OK, an update on results with a larger data set. This makes less and less sense.

on Windows 7, using x86_64-w64-mingw32-gcc (mingw64) to compile without any optimizations, my results DO depend on the number of threads. I'll spare you the details, but I get slightly different error counts using 8,7,4,2 and 1 thread. The 1-threaded parallel version matches the serial version, however. It is slightly better than it was before I started this process (1 event in about 5000 is affected, versus 1 in 3000 before).

On Linux, using gcc to compile, the results DO NOT depend on the number of threads (1,2, and 4 tested). The serial version also matches all of the parallel versions. Perhaps even weirder, the serial version on Linux does not match the serial version on Windows (?!) despite being literally identical code.

The line that is causing problems (main.c: 252) uses only either private or read only data. I am about as certain as I can be that there is no cross-talk possible between threads inside this function. And yet if I set up the config file so that this doesn't get used at all, all differences disappear on windows.
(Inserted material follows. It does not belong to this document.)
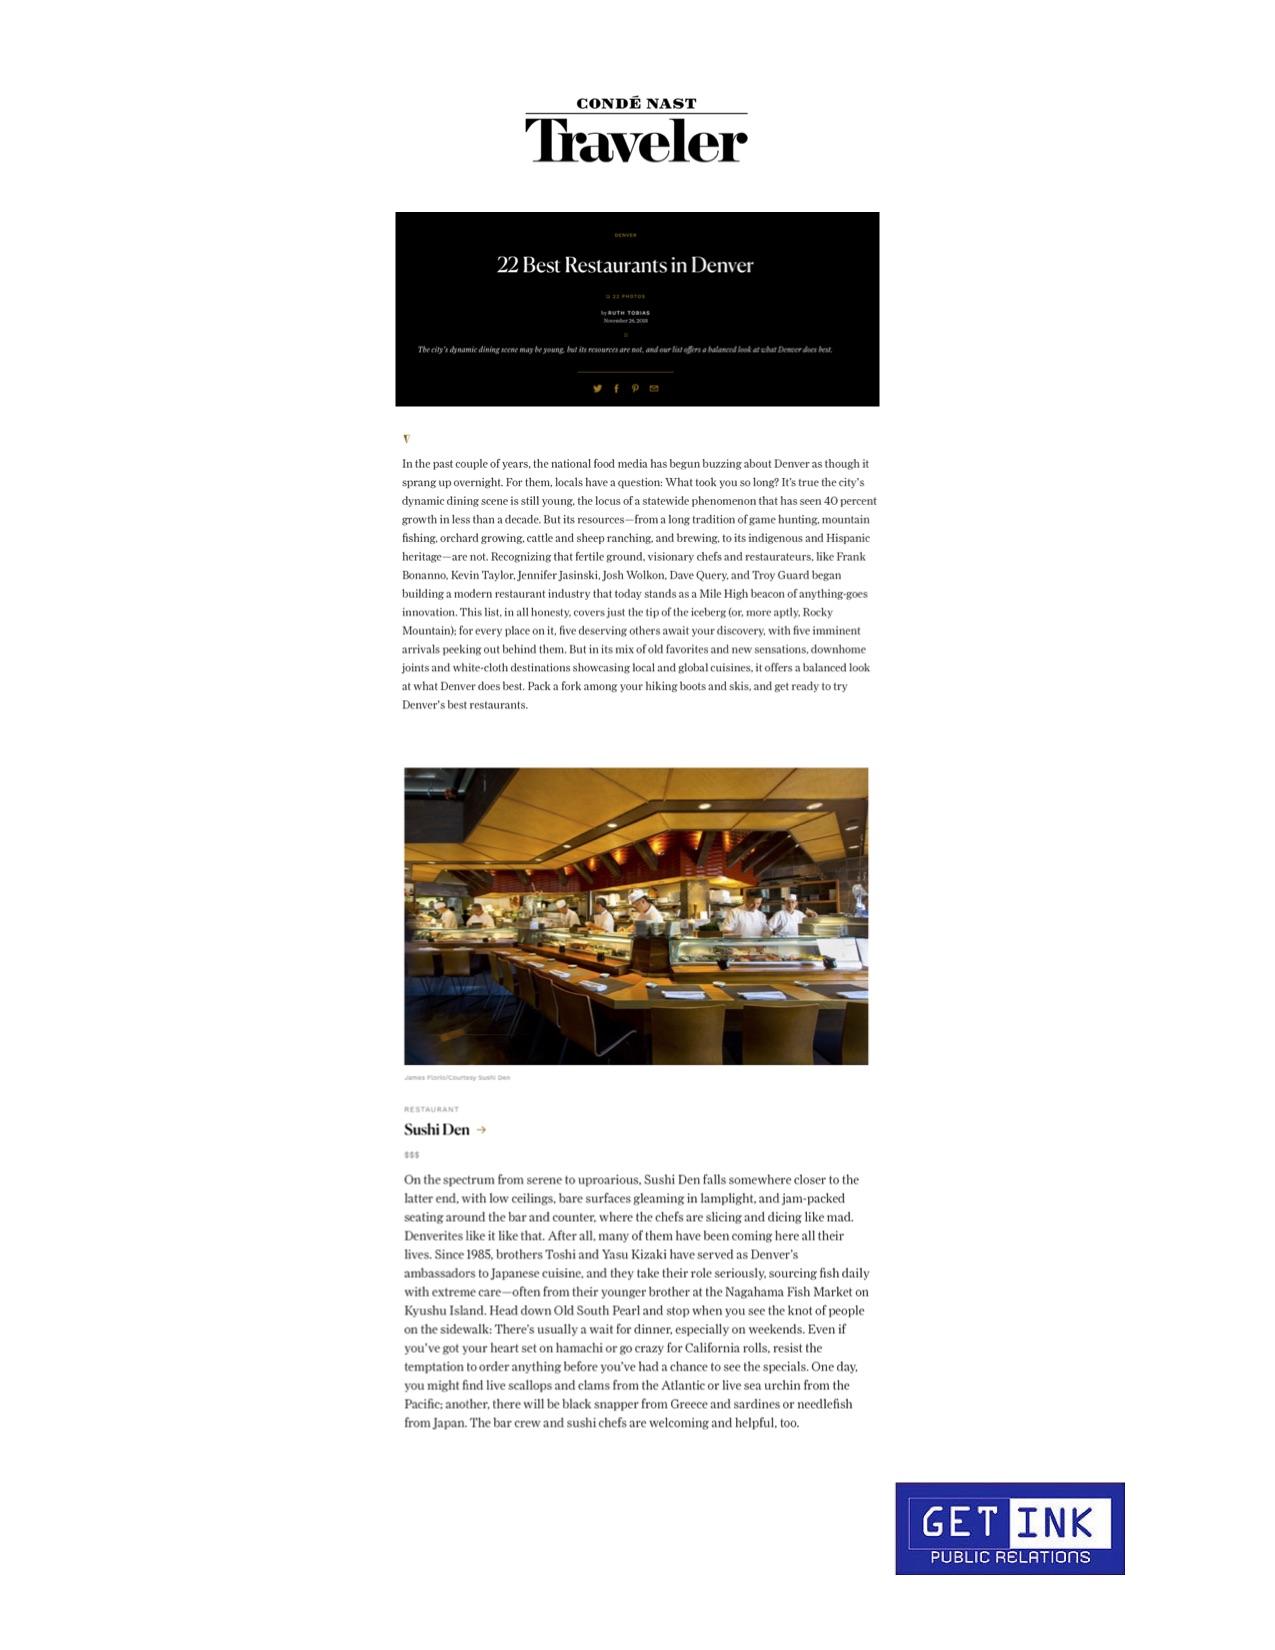 Sushi Den Denver in Conde Nast Traveler Best Restaurant Denver - Get Ink Pr
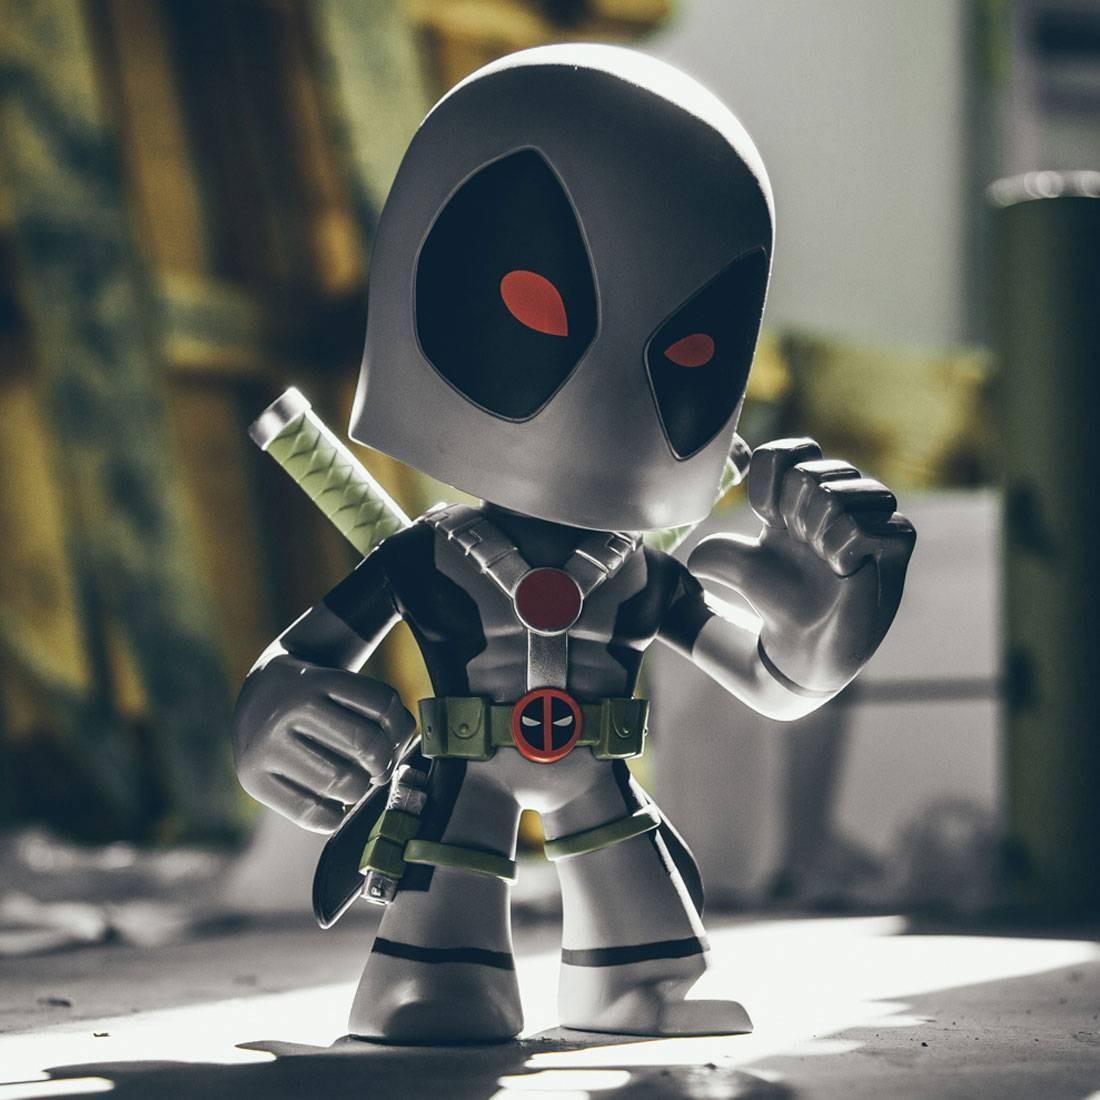 BAIT WonderCon Exclusive x Funko Marvel Deadpool Super Deluxe 9 Inch Vinyl Figure - X-Force (gray / red)

Basically: https://media.giphy.com/media/WM3HX2cZ3zTry/giphy.gif

Is it possible that I am dealing with a bug in the OpenMP implementation that ships with mingw64? Even that wouldn't explain differences between serial versions on each platform.

My next test will be to cross-compile for windows on my linux box and run the same tests. The cross-compiler is still mingw64 but maybe there are differences between the windows and linux packages. I'm pretty much at a loss.